What is expected:
Please copy every line from the following entries in which the word "zwart" appears.

- - - - - - -

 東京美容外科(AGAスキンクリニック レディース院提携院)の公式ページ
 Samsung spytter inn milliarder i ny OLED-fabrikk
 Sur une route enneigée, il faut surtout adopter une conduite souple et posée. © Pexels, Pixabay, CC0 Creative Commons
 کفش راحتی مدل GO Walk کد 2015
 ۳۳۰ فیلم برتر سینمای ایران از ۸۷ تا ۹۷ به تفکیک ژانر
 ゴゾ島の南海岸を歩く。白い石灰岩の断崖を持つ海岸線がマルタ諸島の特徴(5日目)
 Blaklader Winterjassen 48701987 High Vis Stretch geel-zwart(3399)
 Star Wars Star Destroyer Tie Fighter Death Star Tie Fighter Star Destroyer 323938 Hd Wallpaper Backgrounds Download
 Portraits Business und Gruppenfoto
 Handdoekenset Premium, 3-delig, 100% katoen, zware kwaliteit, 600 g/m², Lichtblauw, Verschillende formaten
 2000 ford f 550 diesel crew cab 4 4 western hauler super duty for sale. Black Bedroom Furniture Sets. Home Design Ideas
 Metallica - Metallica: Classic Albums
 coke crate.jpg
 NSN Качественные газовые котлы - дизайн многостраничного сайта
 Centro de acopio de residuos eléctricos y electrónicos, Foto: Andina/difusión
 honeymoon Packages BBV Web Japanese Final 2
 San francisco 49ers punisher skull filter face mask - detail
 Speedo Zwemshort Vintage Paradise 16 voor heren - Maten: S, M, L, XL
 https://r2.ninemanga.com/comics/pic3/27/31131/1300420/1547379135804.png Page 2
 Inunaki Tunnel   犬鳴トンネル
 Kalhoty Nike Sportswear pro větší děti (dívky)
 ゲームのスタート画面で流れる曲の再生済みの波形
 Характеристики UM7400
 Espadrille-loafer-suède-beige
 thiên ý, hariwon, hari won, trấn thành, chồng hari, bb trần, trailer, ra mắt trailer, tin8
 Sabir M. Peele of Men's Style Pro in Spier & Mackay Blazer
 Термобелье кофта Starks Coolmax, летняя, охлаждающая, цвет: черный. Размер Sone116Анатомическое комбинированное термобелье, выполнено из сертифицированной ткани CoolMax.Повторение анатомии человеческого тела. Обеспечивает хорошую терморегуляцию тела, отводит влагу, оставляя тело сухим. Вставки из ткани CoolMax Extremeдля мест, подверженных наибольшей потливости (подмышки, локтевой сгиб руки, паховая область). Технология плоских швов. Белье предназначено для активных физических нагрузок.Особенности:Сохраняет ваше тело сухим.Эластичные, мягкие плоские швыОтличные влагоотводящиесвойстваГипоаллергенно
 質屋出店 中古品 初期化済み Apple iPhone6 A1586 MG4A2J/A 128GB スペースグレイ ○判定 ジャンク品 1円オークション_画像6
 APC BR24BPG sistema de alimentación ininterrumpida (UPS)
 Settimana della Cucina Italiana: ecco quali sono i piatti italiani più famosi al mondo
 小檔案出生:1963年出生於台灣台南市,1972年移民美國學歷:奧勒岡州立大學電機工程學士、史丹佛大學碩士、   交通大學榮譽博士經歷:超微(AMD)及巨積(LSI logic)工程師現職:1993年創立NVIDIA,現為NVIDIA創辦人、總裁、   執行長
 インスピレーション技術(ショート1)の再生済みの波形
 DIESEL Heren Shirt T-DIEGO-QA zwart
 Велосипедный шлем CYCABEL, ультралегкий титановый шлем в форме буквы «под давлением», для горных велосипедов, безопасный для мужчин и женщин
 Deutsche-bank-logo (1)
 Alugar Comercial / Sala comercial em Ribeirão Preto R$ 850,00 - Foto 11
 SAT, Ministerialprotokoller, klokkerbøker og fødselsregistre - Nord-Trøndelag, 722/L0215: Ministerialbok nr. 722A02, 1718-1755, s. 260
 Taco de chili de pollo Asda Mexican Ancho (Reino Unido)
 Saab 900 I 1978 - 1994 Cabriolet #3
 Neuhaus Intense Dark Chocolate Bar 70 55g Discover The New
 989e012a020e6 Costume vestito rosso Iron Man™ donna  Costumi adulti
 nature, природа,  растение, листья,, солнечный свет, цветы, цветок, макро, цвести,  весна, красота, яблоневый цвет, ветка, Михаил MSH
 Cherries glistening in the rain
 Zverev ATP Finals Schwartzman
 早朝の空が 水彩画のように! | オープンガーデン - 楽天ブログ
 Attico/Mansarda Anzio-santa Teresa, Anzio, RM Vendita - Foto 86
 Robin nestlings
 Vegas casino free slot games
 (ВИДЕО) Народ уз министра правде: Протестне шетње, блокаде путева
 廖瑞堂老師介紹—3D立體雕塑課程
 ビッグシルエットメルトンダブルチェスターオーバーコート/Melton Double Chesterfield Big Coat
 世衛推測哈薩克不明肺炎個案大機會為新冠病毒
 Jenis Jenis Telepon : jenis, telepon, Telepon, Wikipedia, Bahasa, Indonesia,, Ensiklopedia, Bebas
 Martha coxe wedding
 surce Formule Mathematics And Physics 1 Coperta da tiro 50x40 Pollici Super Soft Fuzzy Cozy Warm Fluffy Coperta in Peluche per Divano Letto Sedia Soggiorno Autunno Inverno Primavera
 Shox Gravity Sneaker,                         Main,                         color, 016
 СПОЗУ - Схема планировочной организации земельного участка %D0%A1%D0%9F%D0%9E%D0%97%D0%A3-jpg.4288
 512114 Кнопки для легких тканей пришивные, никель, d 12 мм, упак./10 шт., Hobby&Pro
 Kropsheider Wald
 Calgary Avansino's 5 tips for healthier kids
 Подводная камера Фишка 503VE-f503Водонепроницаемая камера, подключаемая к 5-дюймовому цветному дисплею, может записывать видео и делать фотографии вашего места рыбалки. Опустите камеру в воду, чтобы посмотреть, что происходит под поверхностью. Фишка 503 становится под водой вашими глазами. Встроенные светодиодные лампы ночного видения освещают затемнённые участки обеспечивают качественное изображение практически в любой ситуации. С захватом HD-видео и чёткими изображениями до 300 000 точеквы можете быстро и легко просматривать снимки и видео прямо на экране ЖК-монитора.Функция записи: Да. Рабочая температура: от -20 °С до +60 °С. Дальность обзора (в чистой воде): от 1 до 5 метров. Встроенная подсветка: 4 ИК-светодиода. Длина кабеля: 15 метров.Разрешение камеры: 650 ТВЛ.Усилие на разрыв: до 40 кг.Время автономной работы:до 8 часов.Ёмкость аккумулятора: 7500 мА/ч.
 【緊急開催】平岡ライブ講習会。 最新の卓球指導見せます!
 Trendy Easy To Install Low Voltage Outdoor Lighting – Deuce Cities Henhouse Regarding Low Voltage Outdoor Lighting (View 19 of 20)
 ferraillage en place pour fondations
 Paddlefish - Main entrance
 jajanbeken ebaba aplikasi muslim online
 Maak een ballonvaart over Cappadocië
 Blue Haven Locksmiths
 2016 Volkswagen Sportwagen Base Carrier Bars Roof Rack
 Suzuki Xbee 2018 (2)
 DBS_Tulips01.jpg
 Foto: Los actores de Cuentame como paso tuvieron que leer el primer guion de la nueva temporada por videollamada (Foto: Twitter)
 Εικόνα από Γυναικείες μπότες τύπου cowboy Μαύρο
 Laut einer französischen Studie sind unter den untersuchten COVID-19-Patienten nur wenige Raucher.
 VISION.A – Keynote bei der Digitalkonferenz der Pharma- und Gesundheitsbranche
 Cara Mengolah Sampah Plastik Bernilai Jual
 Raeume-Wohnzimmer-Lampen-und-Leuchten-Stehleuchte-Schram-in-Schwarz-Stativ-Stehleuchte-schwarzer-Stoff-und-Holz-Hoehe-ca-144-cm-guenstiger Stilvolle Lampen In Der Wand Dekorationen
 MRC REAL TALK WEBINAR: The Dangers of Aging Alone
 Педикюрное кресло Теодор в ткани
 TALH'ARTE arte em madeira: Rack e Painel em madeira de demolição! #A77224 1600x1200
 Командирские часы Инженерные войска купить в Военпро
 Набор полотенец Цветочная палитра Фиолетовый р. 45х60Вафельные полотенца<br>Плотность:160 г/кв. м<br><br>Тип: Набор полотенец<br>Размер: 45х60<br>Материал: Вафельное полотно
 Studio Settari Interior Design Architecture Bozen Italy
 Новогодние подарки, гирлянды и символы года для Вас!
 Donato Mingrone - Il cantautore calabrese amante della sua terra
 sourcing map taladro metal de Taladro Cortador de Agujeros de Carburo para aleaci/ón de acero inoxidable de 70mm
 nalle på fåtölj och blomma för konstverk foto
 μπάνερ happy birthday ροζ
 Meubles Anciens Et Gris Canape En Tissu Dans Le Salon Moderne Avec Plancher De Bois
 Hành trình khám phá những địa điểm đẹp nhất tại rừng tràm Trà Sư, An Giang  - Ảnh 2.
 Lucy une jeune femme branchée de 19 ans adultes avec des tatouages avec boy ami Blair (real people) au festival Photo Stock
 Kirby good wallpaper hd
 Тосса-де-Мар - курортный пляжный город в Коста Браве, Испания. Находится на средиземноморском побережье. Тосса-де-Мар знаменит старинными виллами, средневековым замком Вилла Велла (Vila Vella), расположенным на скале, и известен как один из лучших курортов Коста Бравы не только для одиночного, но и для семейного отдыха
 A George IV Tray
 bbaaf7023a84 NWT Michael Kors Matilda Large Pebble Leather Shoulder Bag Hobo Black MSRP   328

- - - - - - -

Task response:
 Blaklader Winterjassen 48701987 High Vis Stretch geel-zwart(3399)
 DIESEL Heren Shirt T-DIEGO-QA zwart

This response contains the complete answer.